— What to do —
Beginning with the line of the entries below that holds "XG-S24型(M3-M24)气动攻丝机 轻松攻螺纹" and ending with the line that holds "Farbe möglich (920)", transcribe each line exactly as written. Pictures stay out.

— Extracted data —
·····

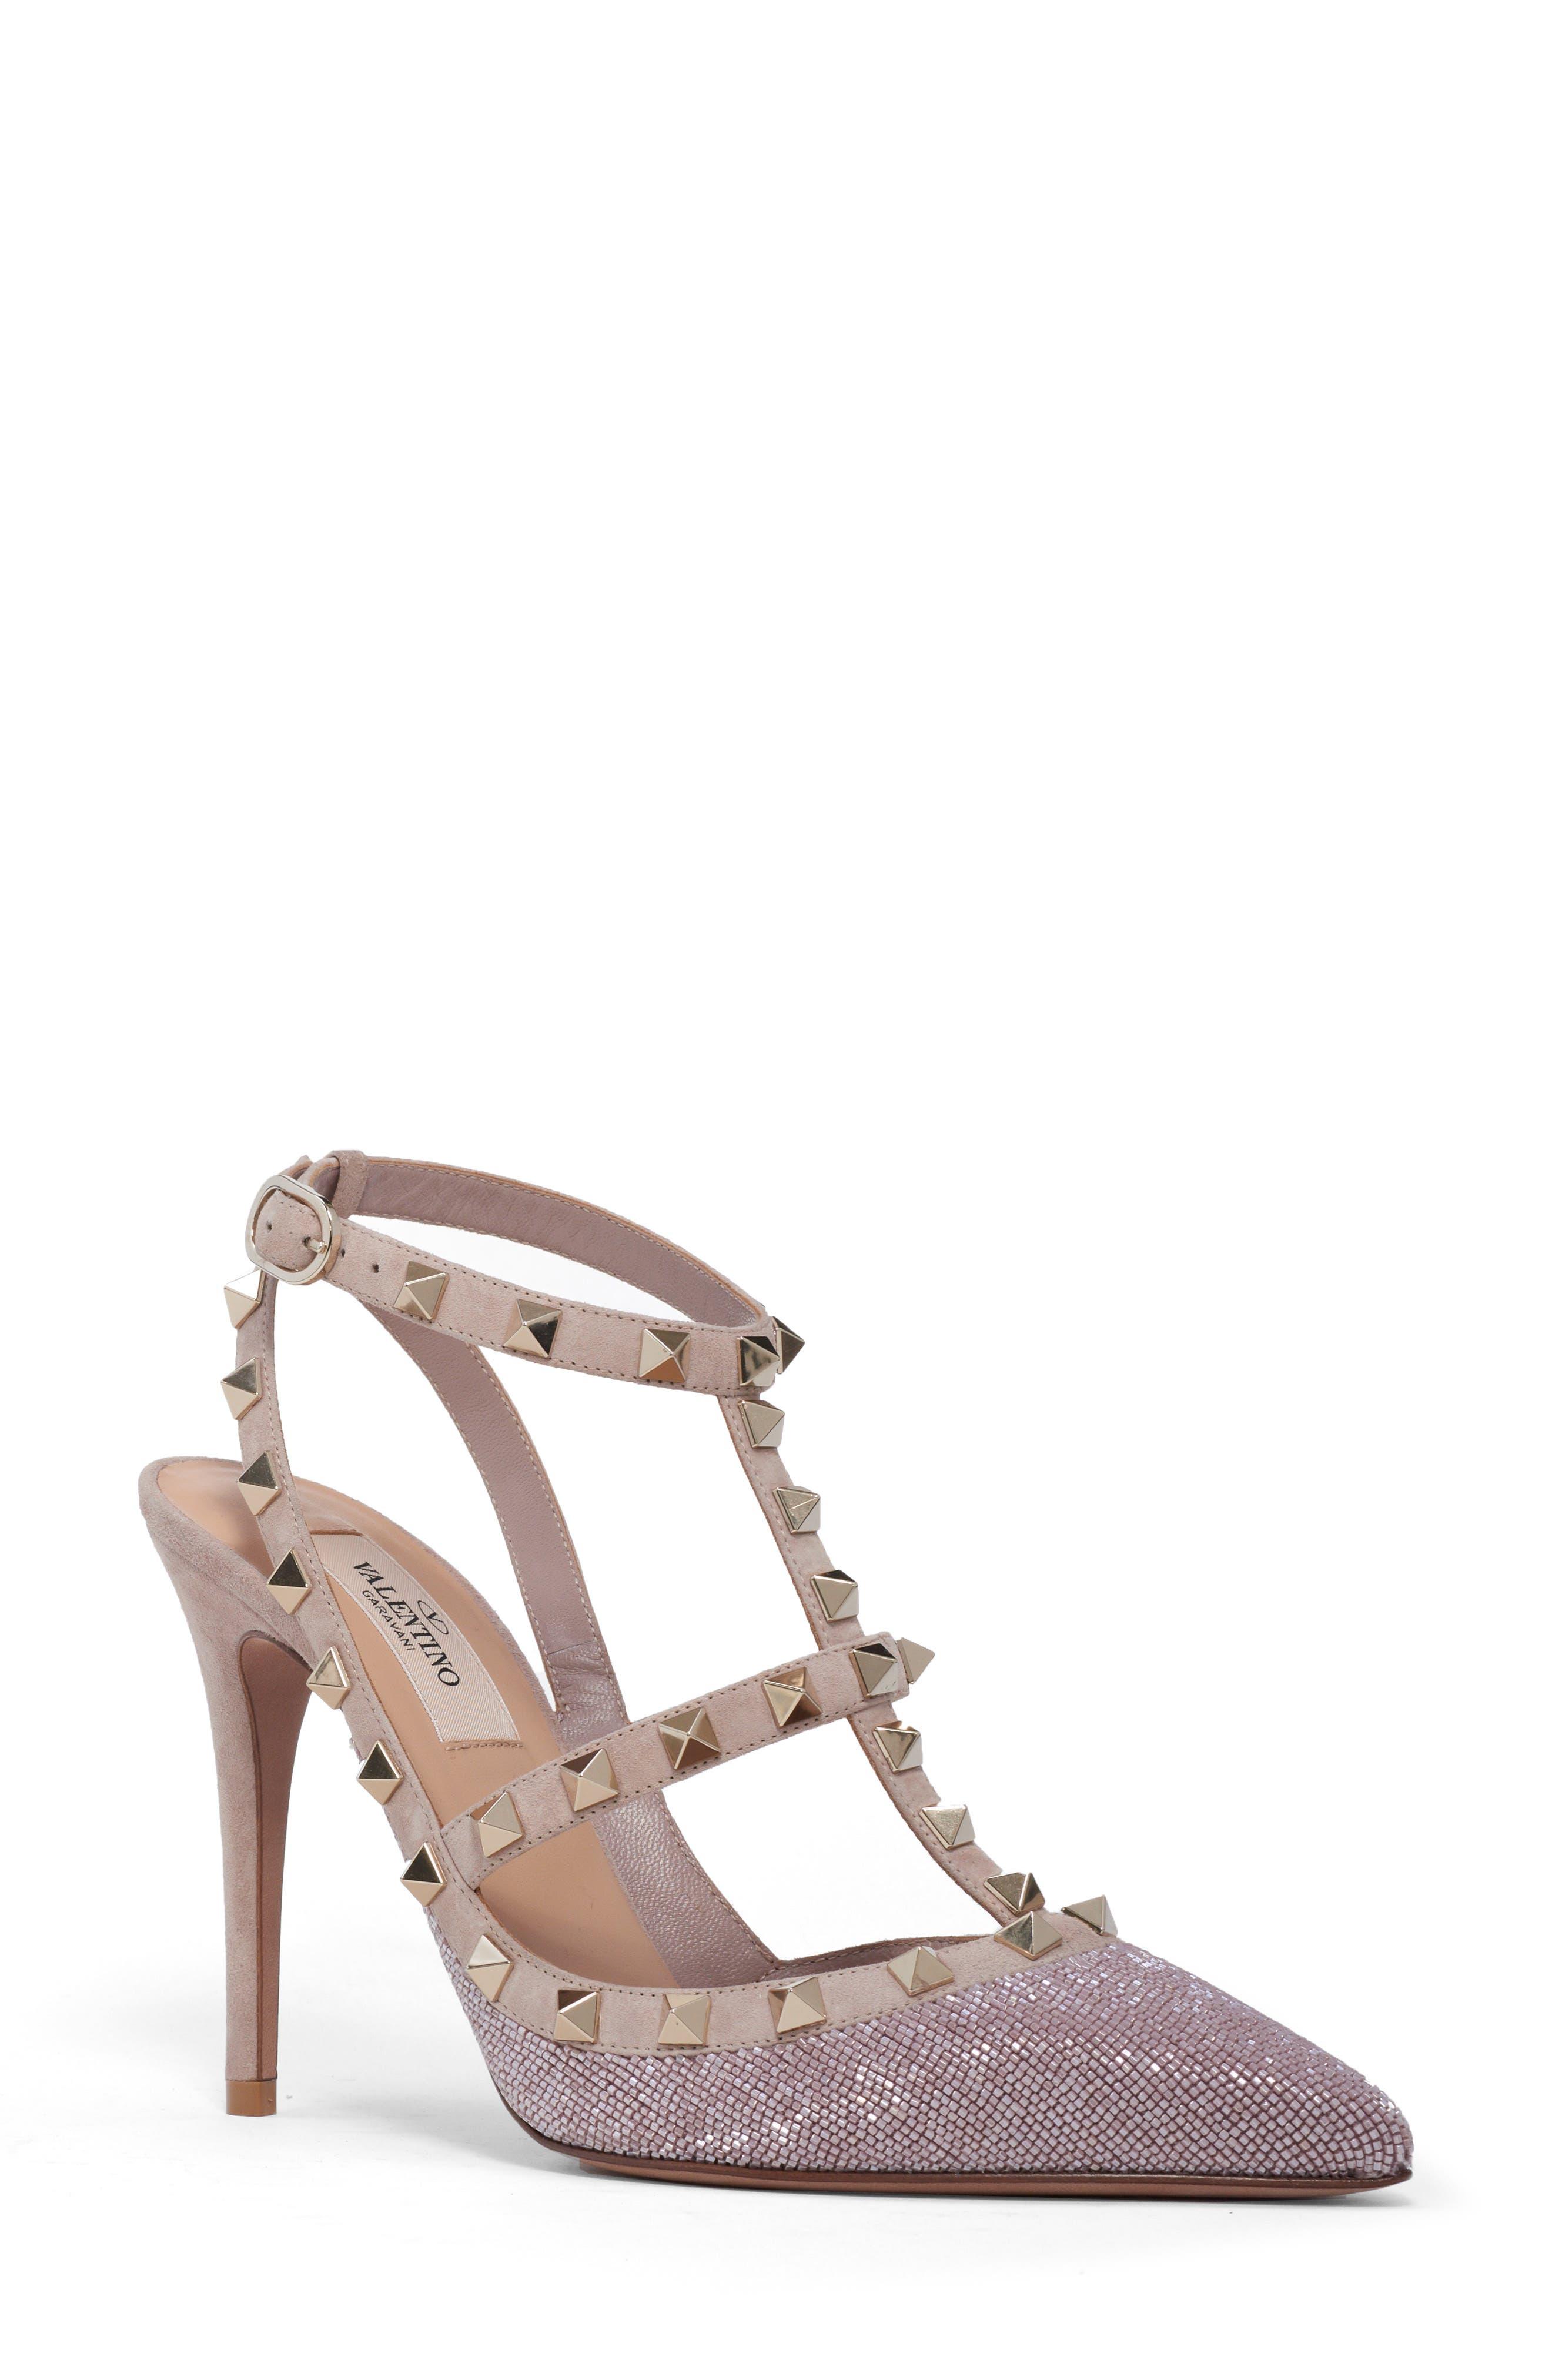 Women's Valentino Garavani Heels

·····

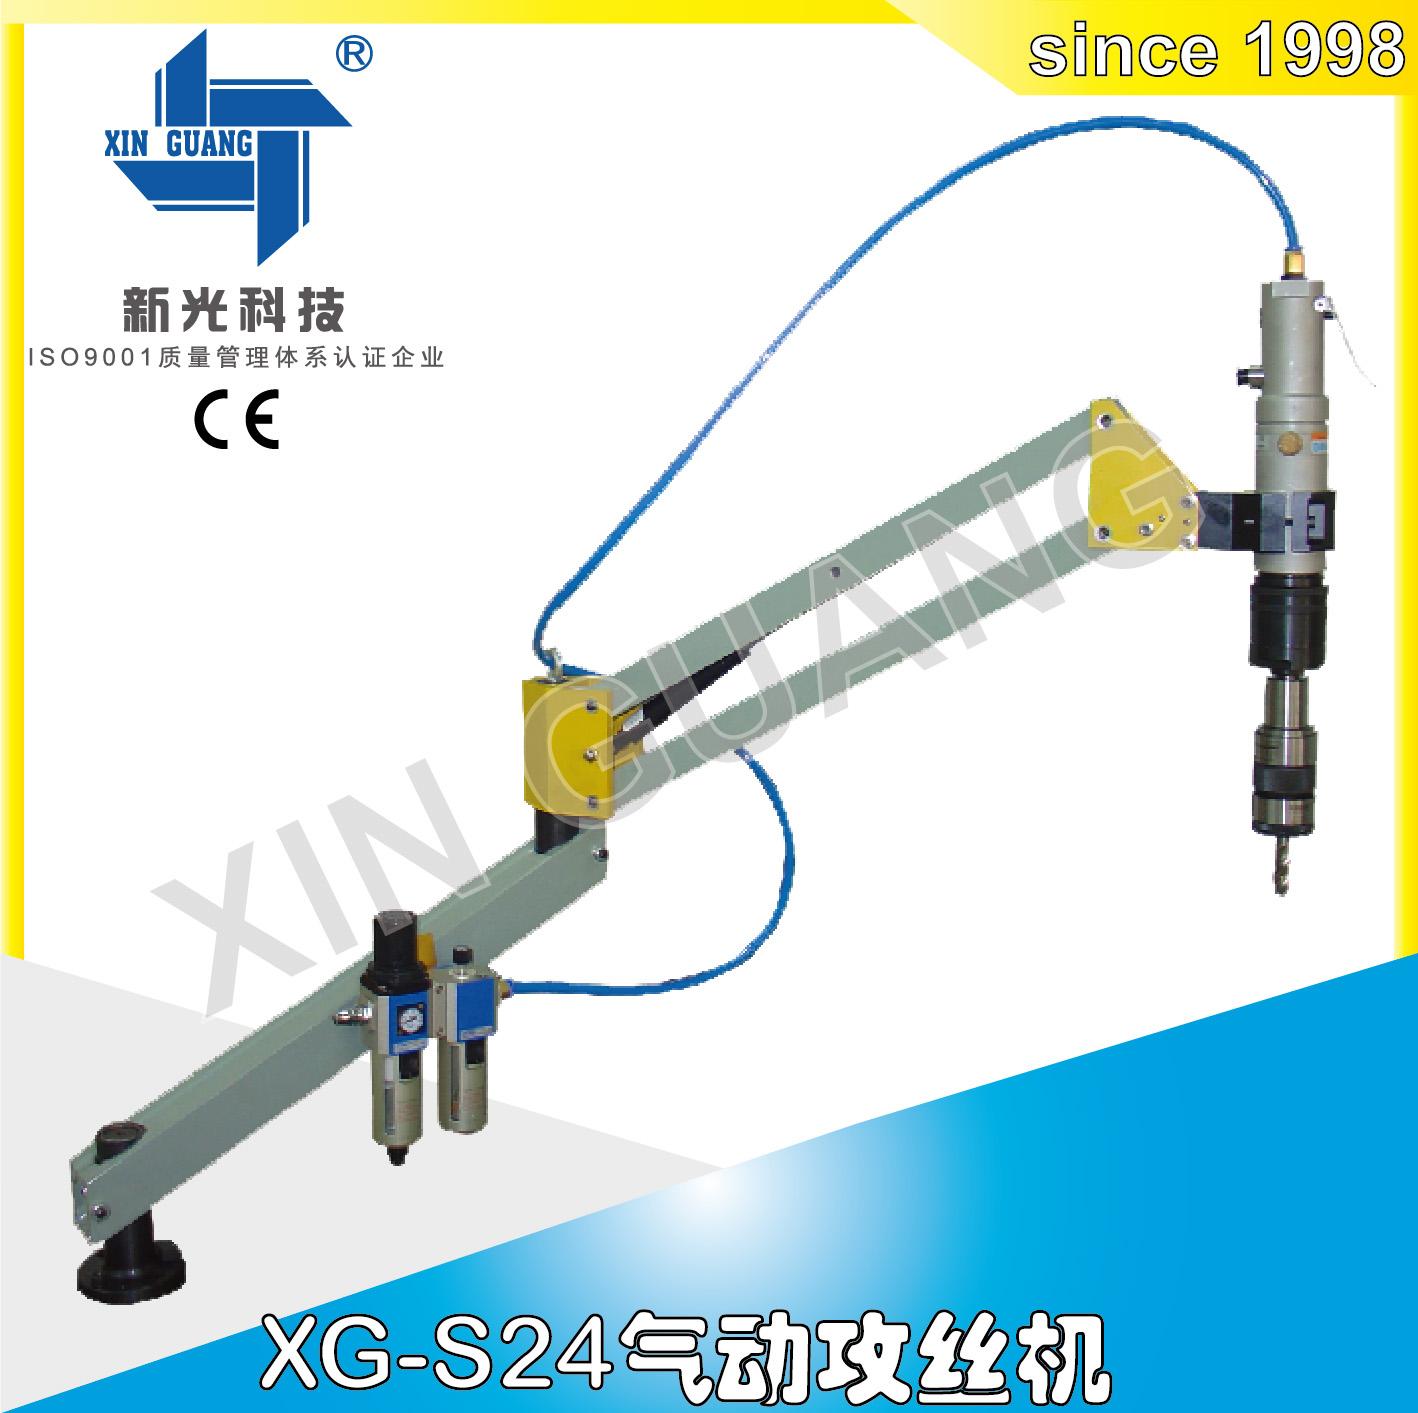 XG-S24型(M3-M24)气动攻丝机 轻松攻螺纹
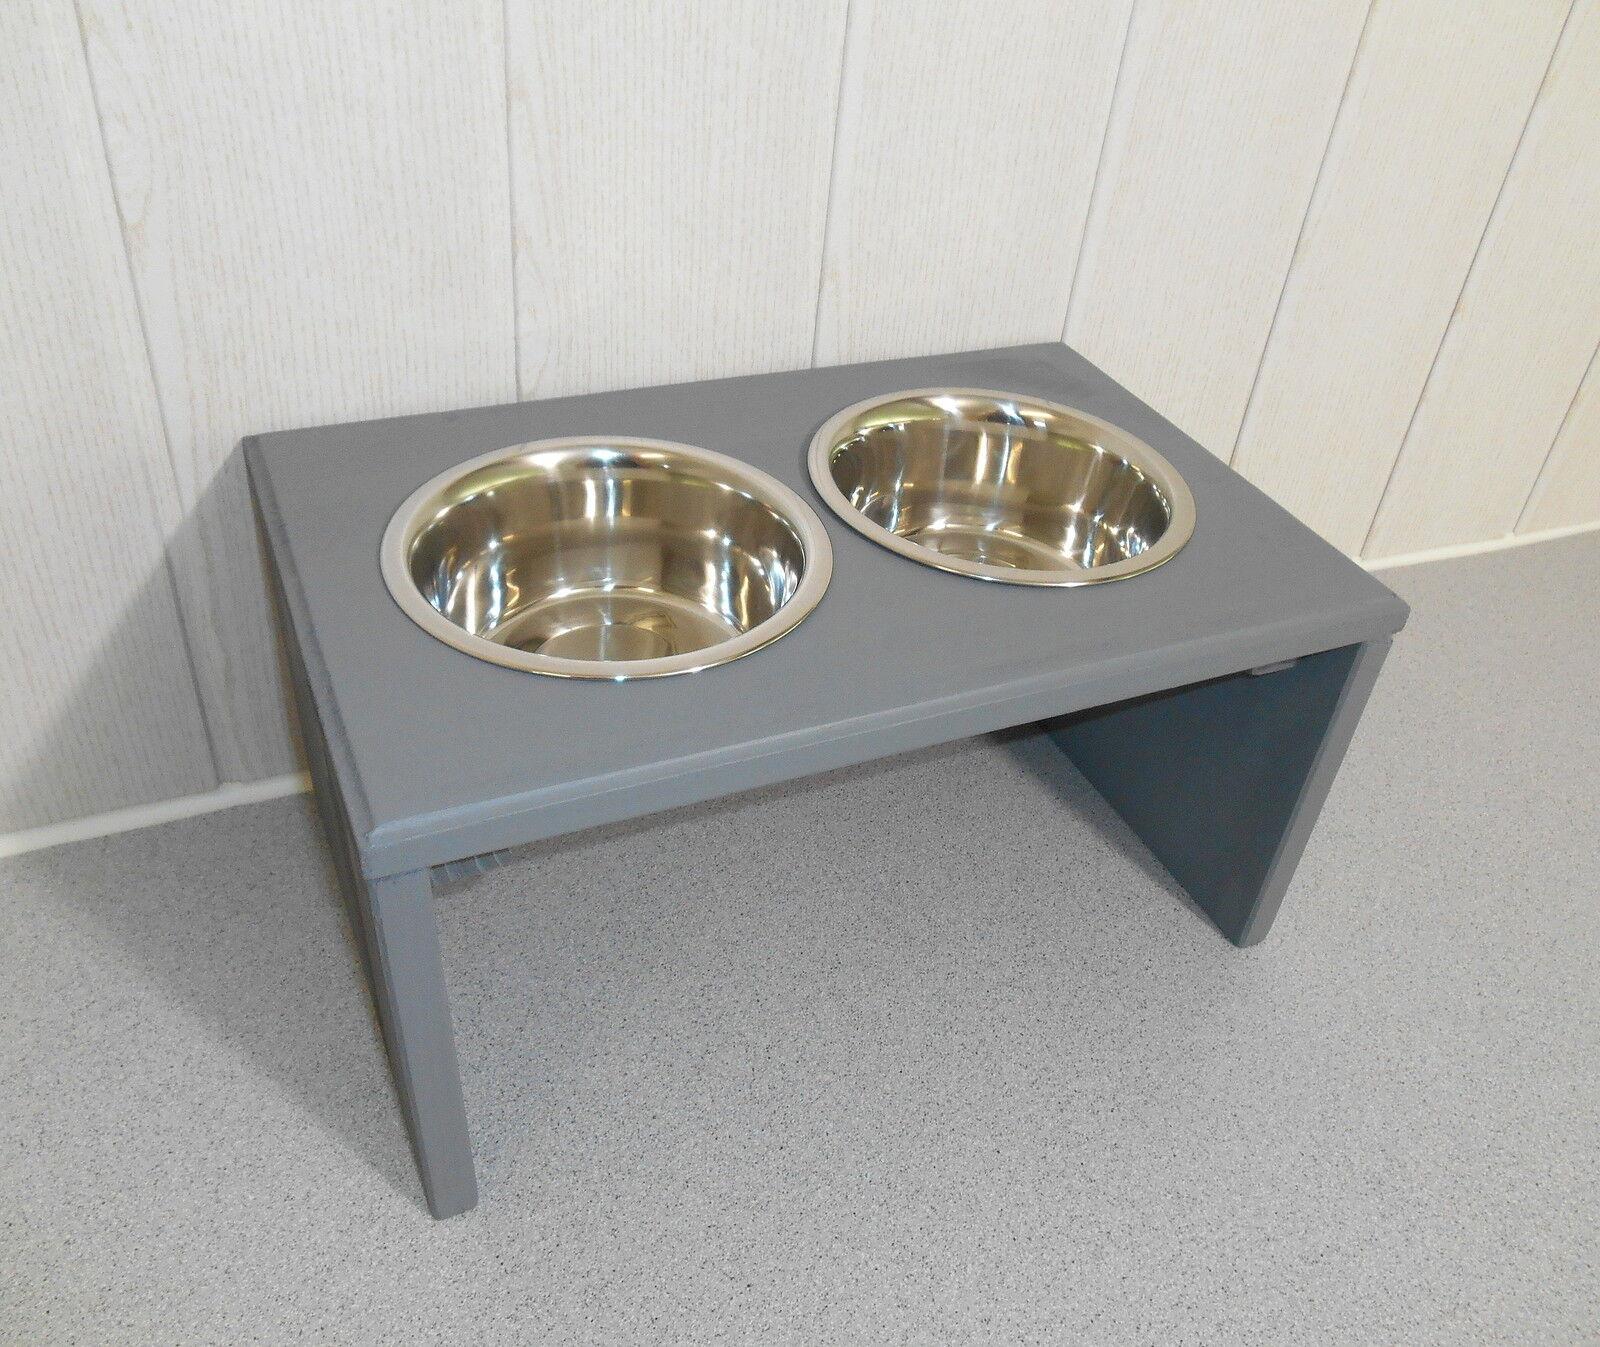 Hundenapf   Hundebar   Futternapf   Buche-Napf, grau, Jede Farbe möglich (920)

·····

— Task response —
 XG-S24型(M3-M24)气动攻丝机 轻松攻螺纹
 Hundenapf   Hundebar   Futternapf   Buche-Napf, grau, Jede Farbe möglich (920)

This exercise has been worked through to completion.